Столкновение противоборствующих, но неразделимых начал жизни ощущается у Винокурова не только в оголенной философичности замысла, но и в самой поэтической плоти. Тут и почти пародийное "ведь отравление желудка излечивается молоком" или "зачем одно другому противопоставлять?". Это явно нарочитые сан-чопансизмы, пропущенные через прутковщину. А рядом донкихотская псевдовозвышенность, отдающая символизмом: «В Индии, среди развалин храма, где висит полупрозрачный зной, Сакья-Мунн Будда Гаутама в зарослях предстал передо мной".
Частично, как все мы, герой Впнокуропа является причудливым конгломератом быта и порыва, но будут близоруки те, кто в постоянной тезе и антитезе увидит лишь ограниченность автора внутри этих двух ипостасей и не разглядит третью.
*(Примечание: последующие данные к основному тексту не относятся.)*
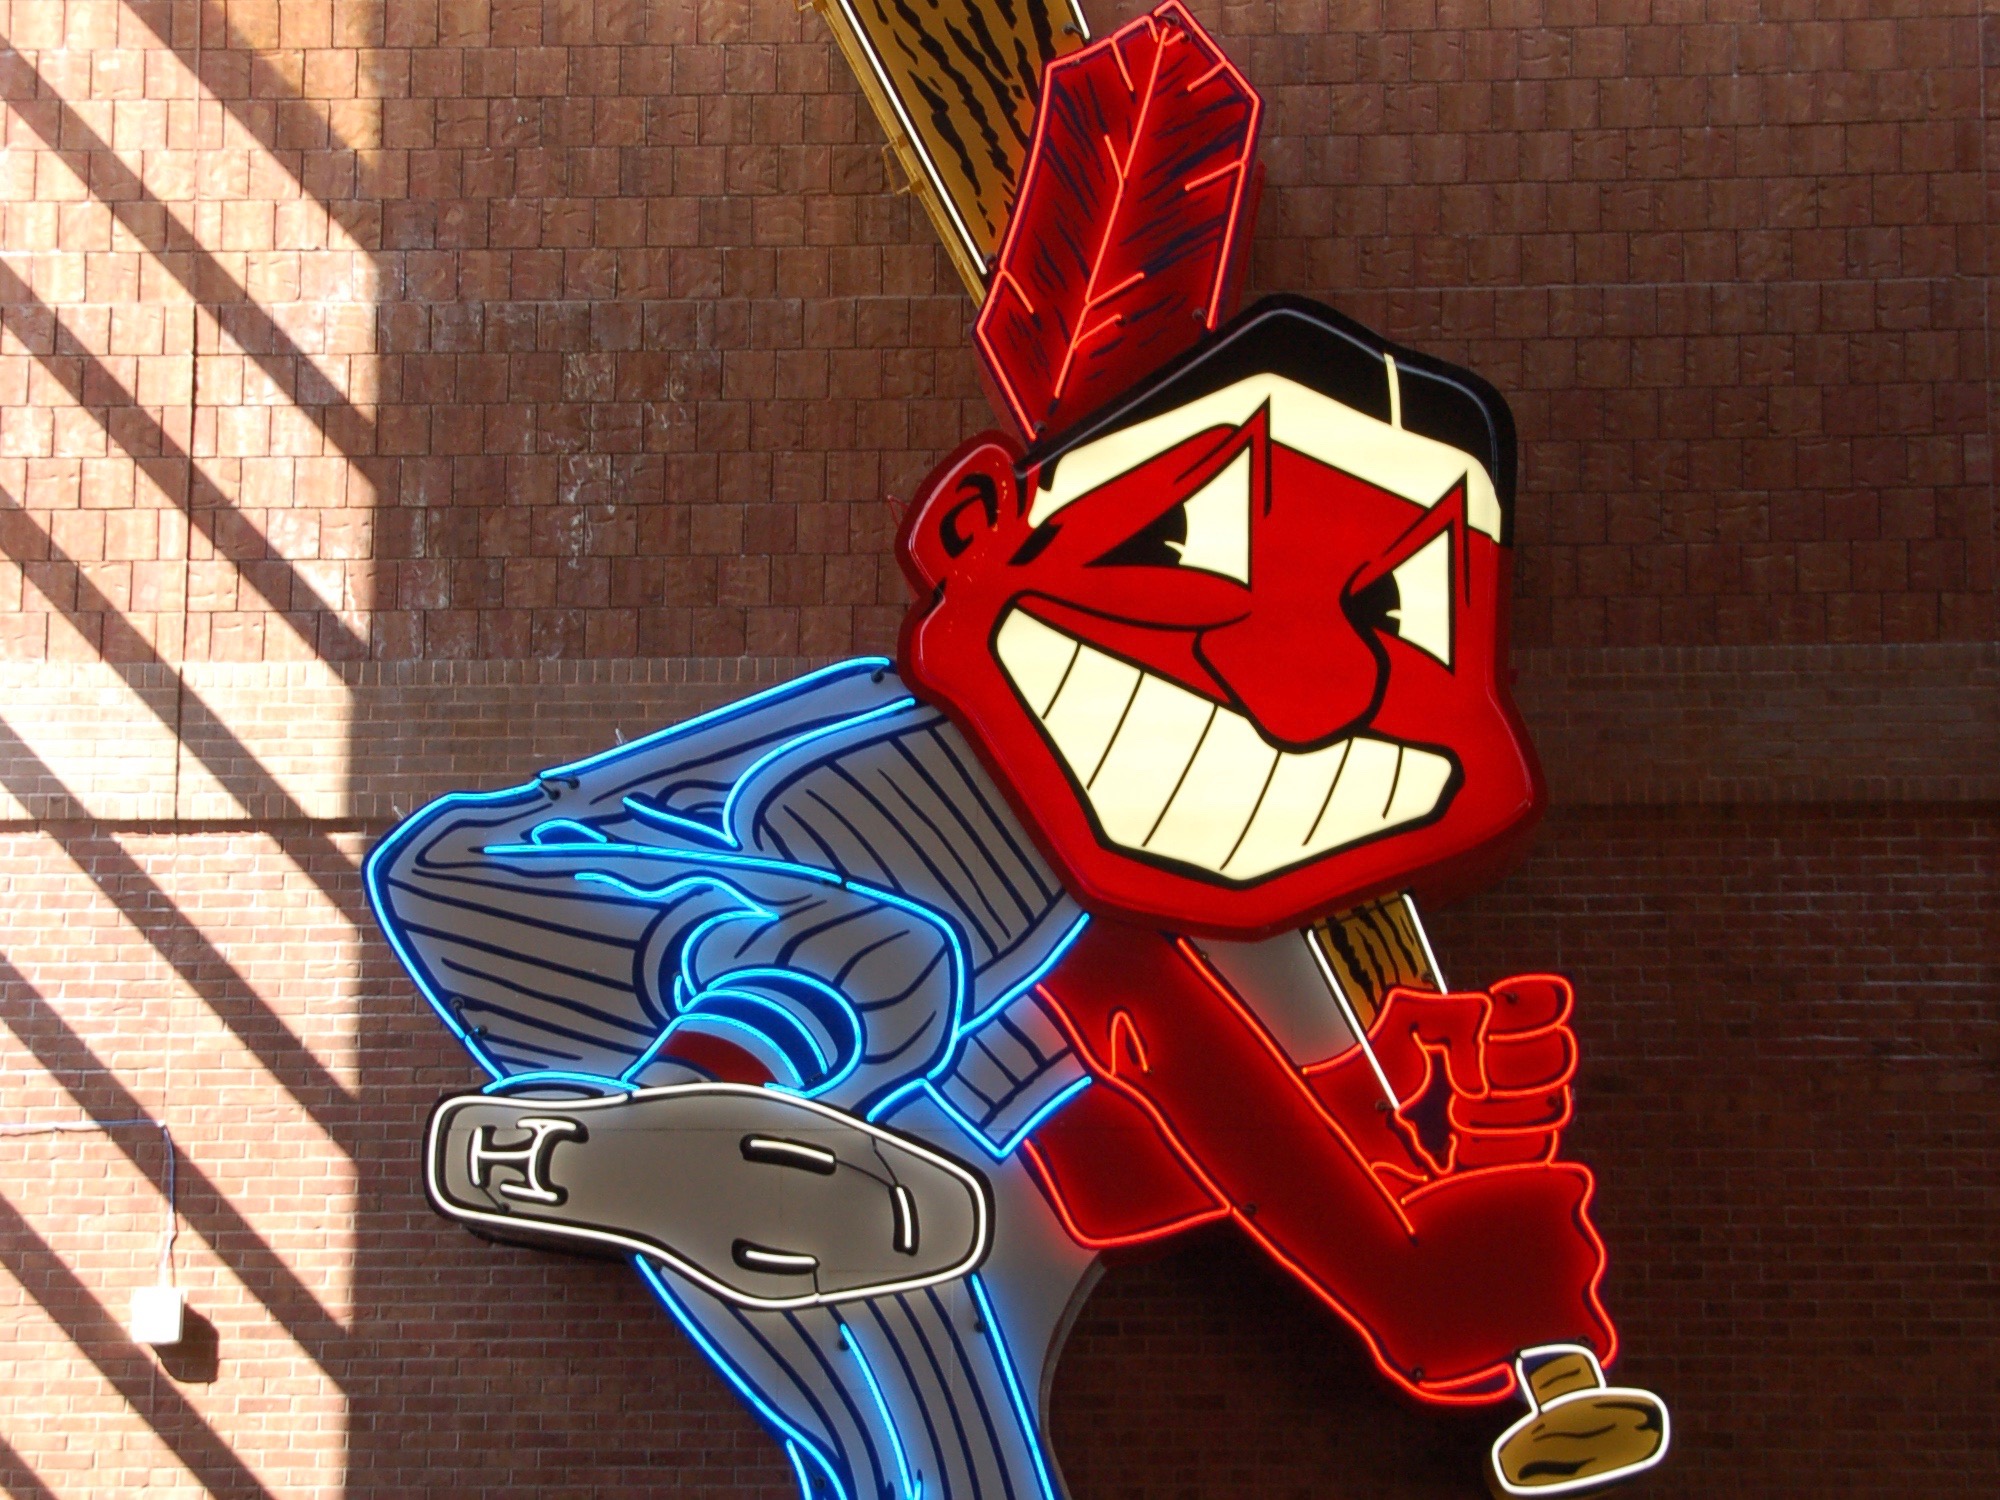 You won't see Chief Wahoo as much on Indians uniforms next year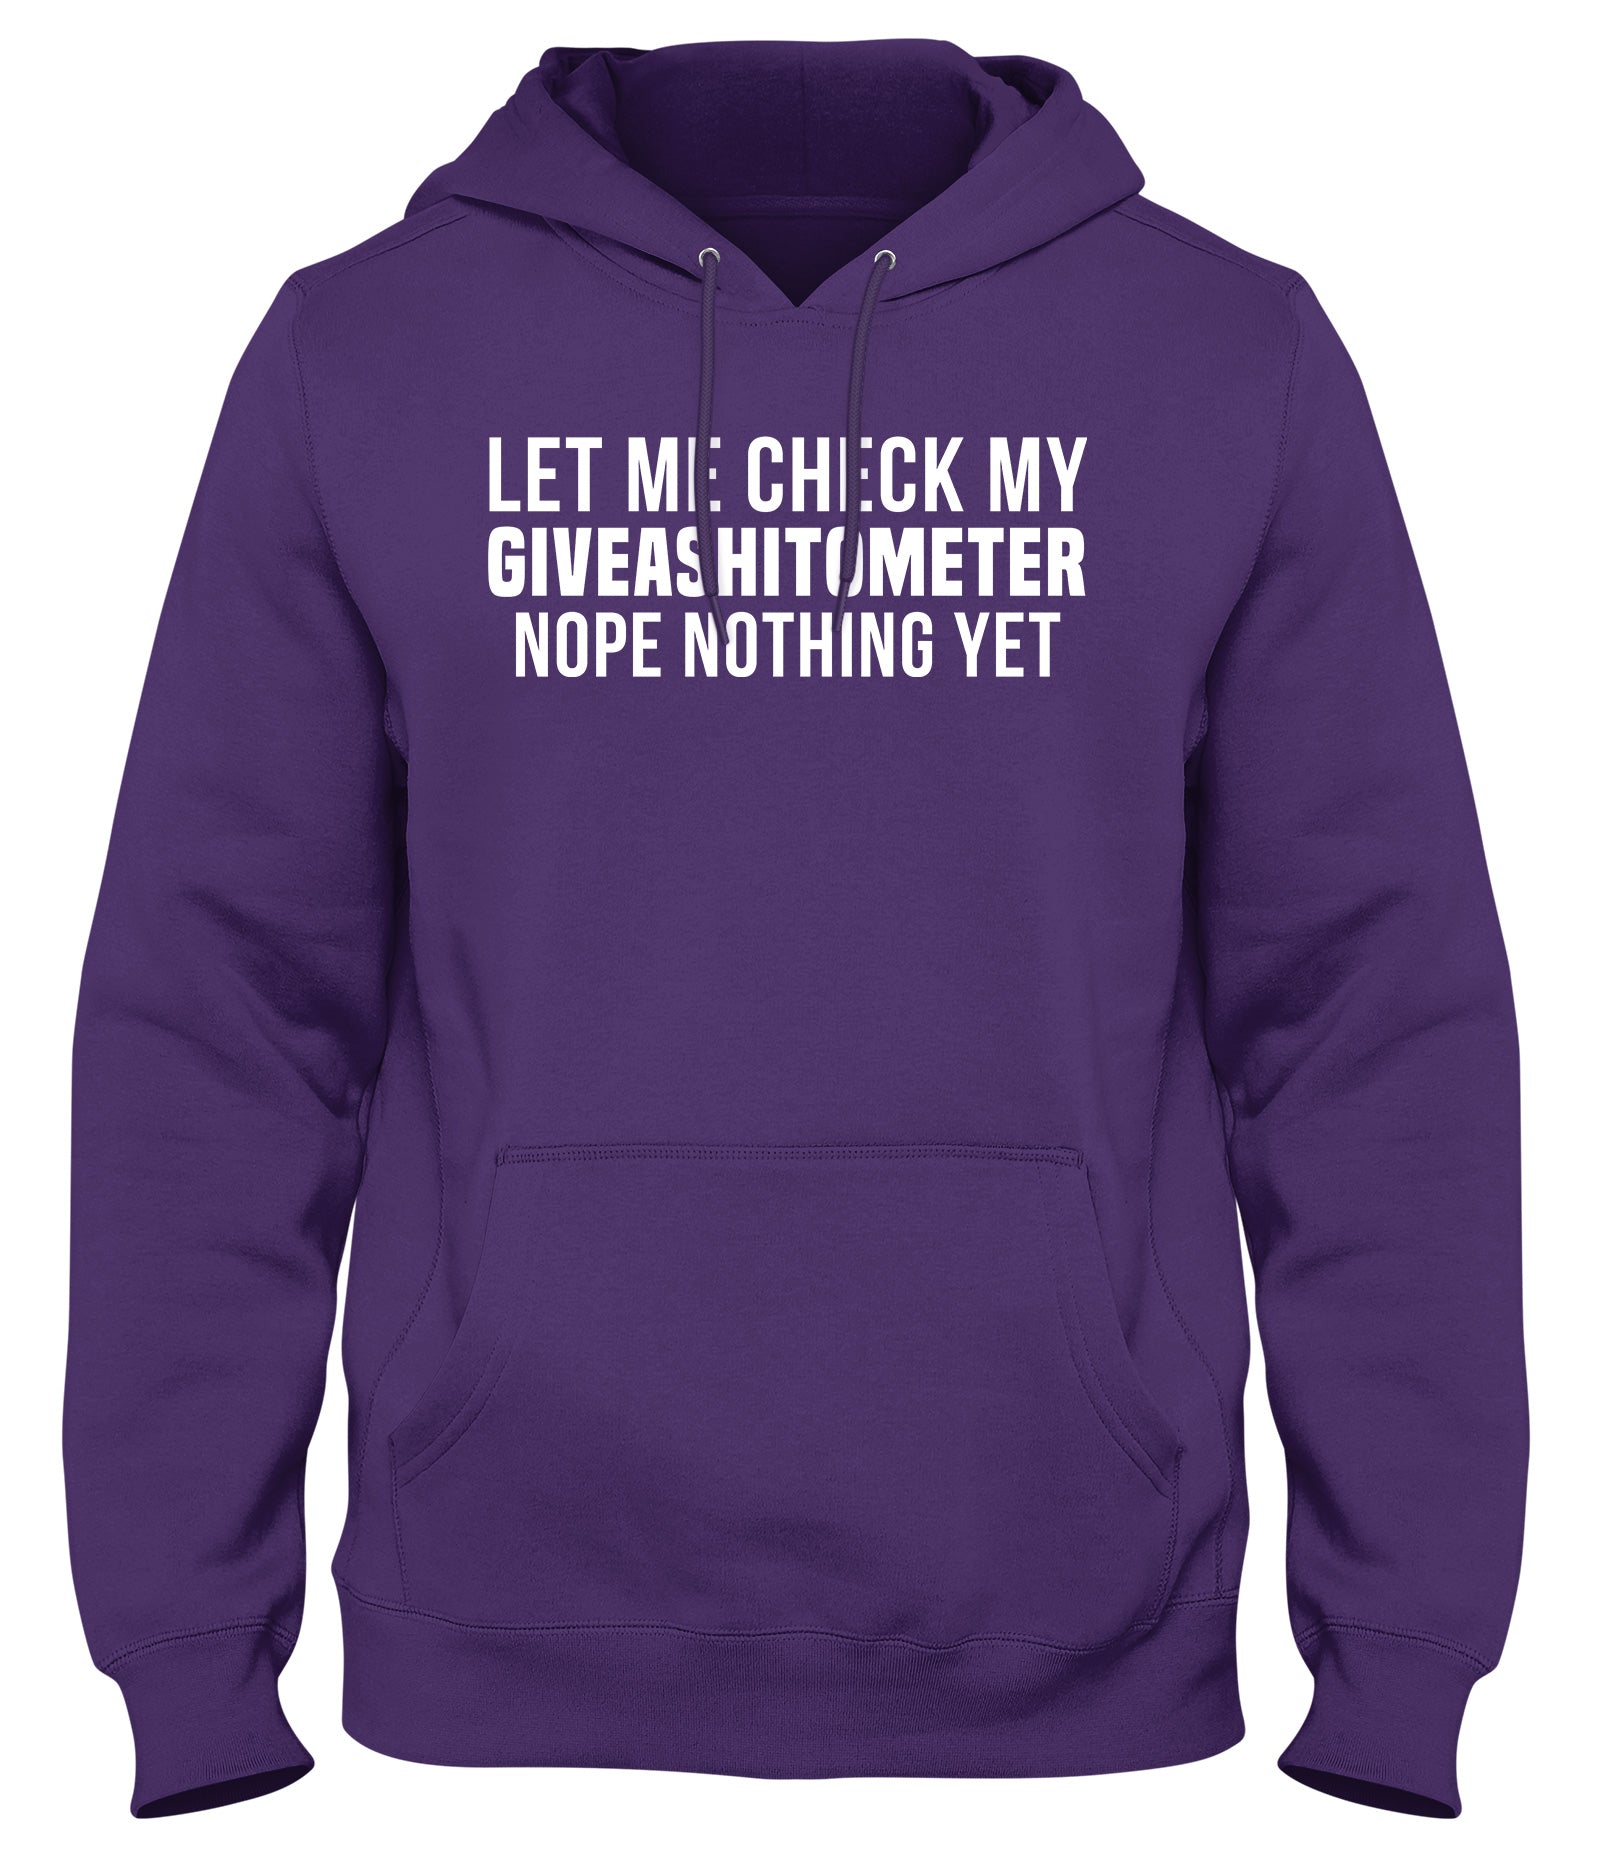 LET ME CHECK MY GIVEASHITOMETER NOPE NOTHING YET MENS WOMENS UNISEX FUNNY HOODIE

Тревога самого Винокурова по поводу чьей-то возможной близорукости горько выражена в прекрасном четверостишии, где его мастерство словно освободилось от мастерства, как он сам об этом мечтал, и фигура третьего, реального Винокурова, а не его героя, выпукло предстала на фоне уже теперь ненужных тезовых и антитезовых конструкций: "Я не знаю, что там было? Что там будет? Что там есть? Расплылись мои чернила, не понять и не прочесть..." Конечно, кто-то может не все сразу понять и впасть в отождествление автора с тем мещанством, от имени которого он иногда как бы говорит, но на самом деле только для того, чтобы его разоблачить изнутри, а не извне. В такое заблуждение уже впадали некоторые критики. Но ведь Дон-Кихот хорошо сказал на этот счет: "Много есть на свете теологов, которые сами не годятся в проповедники, но зато прекрасно умеют подметить, чего не хватает в чужой проповеди или что в ней лишнего".
Конечно, у Винокурова, как и у всякого поэта, есть свои недостатки, но без наших недостатков не было бы и нас. Все же избавление от некоторых из них помогает нам быть самими собой. По стихам Винокурова видно, что он поэт не только пишущий, но и читающий. Но иногда в стихах Винокурова улавливаешь уж слишком прямые цитаты, как, скажем, в стихотворении "Пишите кровью!", явно напоминающие некоторые тезисы немецкой философии. Некоторый холодок рассудочности проскальзывает временами, когда Винокуров пишет на темы, как бы раскрыв словарь и ткнув туда наугад пером: "История", "Риск", "Легкость", "Молоко" и т. д. Однако основная линия у Винокурова теплокровная, мужественная: "Я крылья еще не расправил - а молодость позади". Это уже цитата не из книги, а из собственной души, из собственной плоти. А вот самоотверженный вопрос, на который далеко не все способны, особенно в свой адрес: "Были ведь молодыми когда-то и мы... Ну и что?" Это "Ну и что?", сочетающее и санчопансов-ский реализм, и дерзкий вызов Дон-Кихота, содержит п себе и третье неоценимое качество - не теряя видения жизни, какая она есть, не терять страсть по той жизни, какой она может и должна быть. Иногда в своем подчеркнутом бытовизме Винокуров просто прикидывается, что он неромантичен.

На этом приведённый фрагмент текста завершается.